[PROVIDED MATERIAL — start]

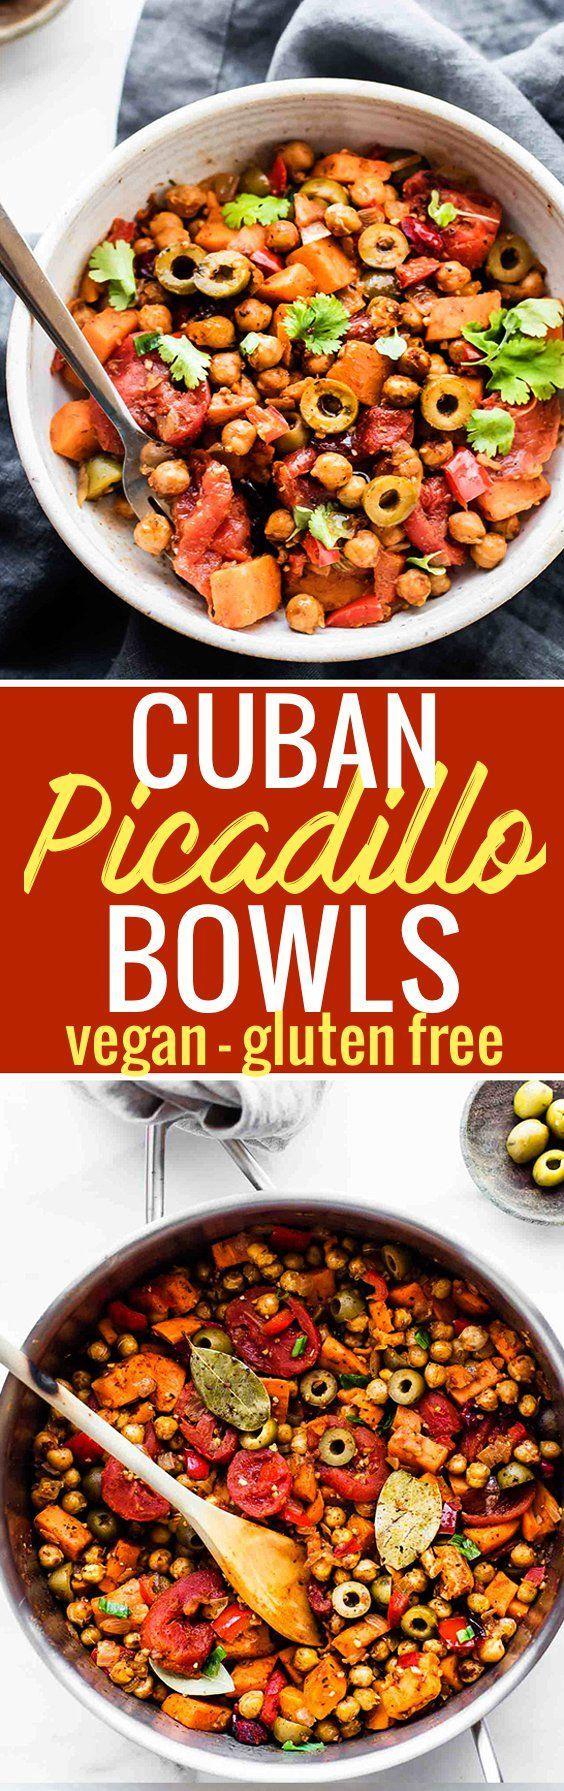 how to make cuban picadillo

[PROVIDED MATERIAL — finish]
[PROVIDED MATERIAL — start]

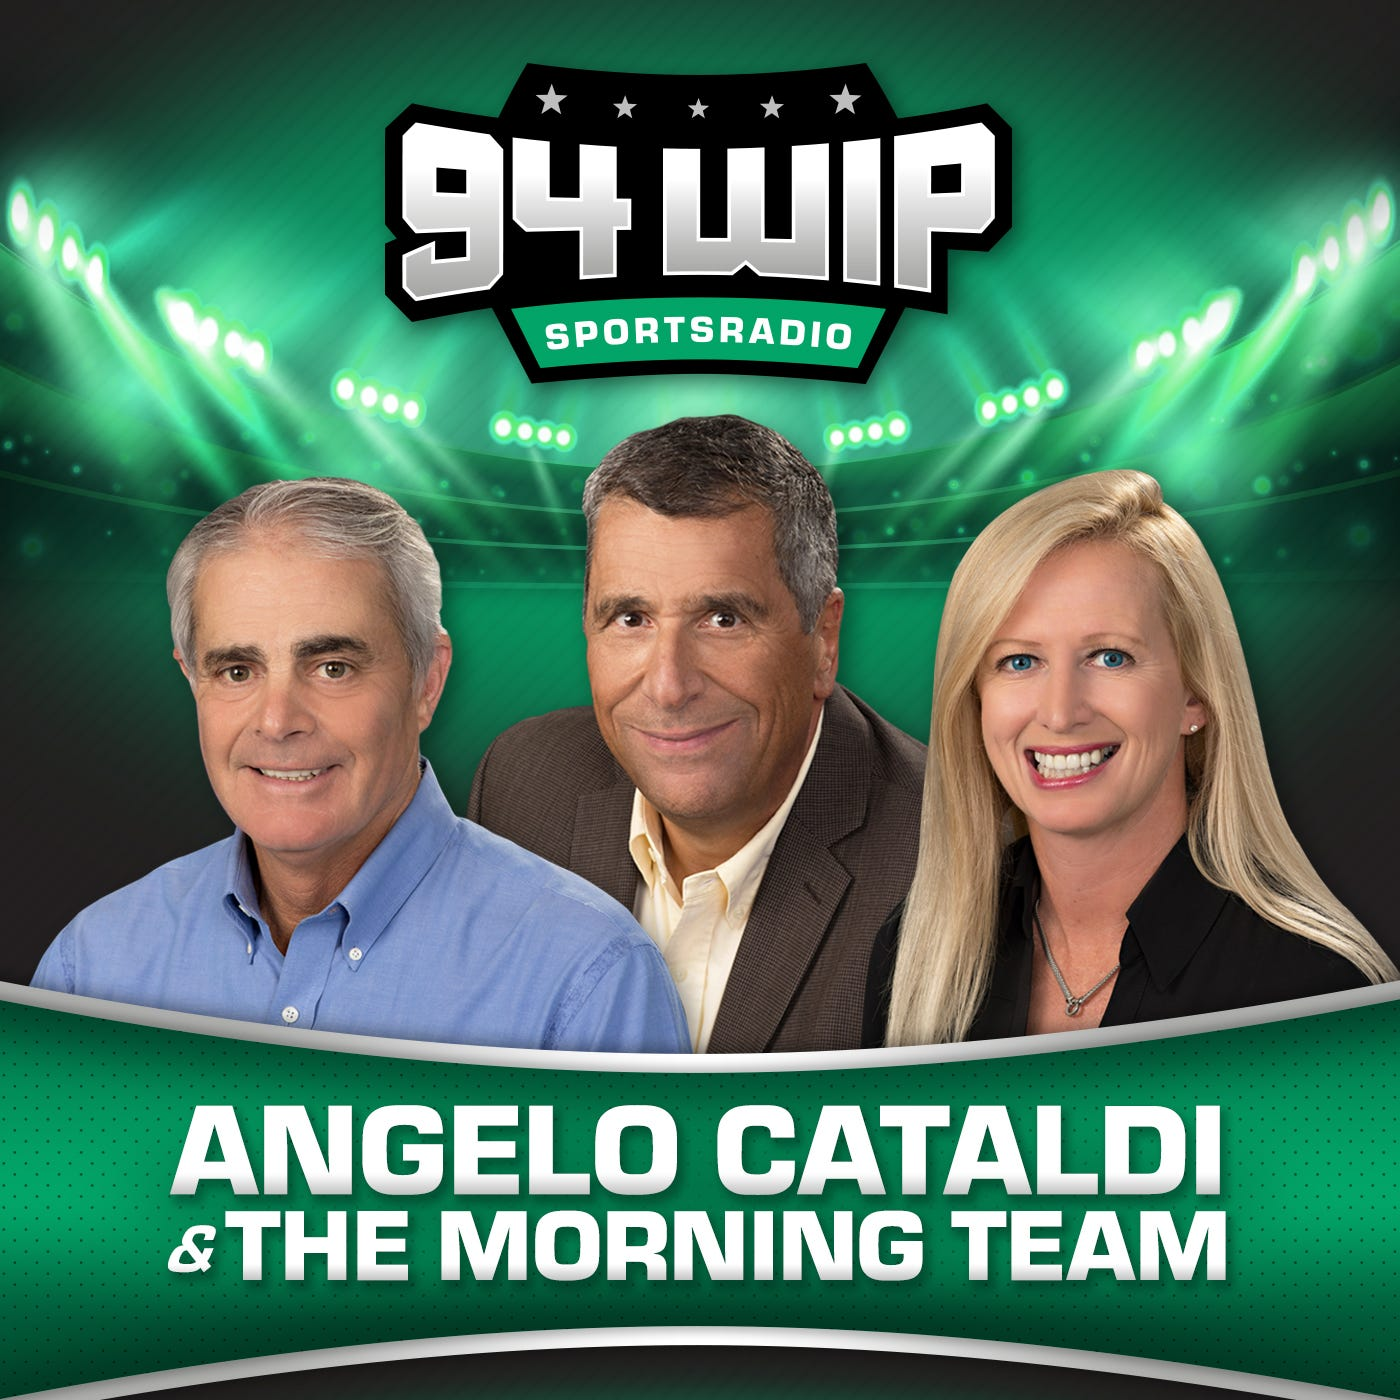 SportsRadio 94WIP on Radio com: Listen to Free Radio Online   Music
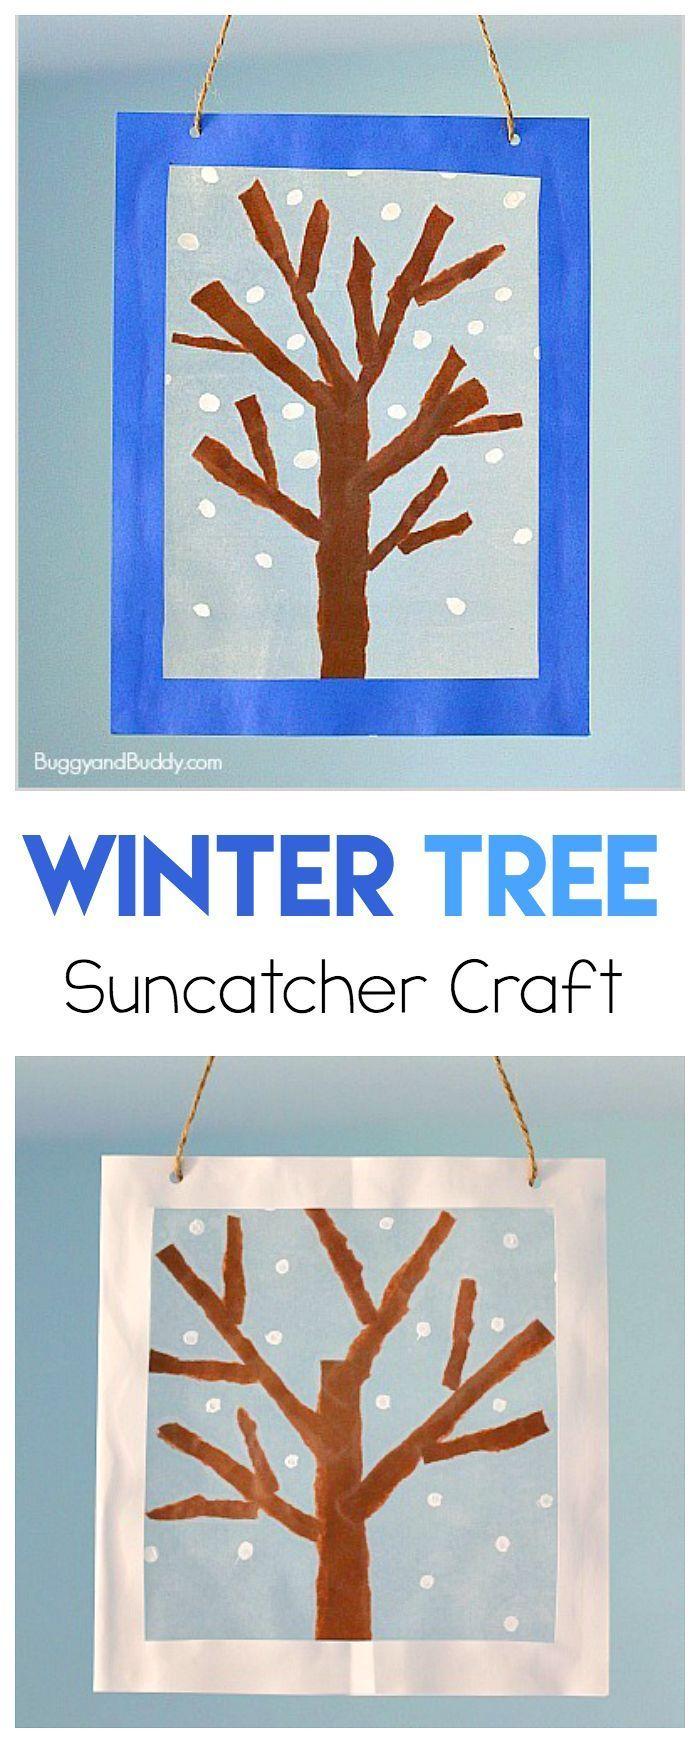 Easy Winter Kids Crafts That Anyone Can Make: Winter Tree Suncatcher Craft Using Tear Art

[PROVIDED MATERIAL — finish]

Repeat exactly the lines above, beginning at the one containing "SportsRadio 94WIP on" and ending at the one containing "Easy Winter Kids". Do not carry over any pictures.

**ANSWER SECTION:**
 SportsRadio 94WIP on Radio com: Listen to Free Radio Online   Music
 Easy Winter Kids Crafts That Anyone Can Make: Winter Tree Suncatcher Craft Using Tear Art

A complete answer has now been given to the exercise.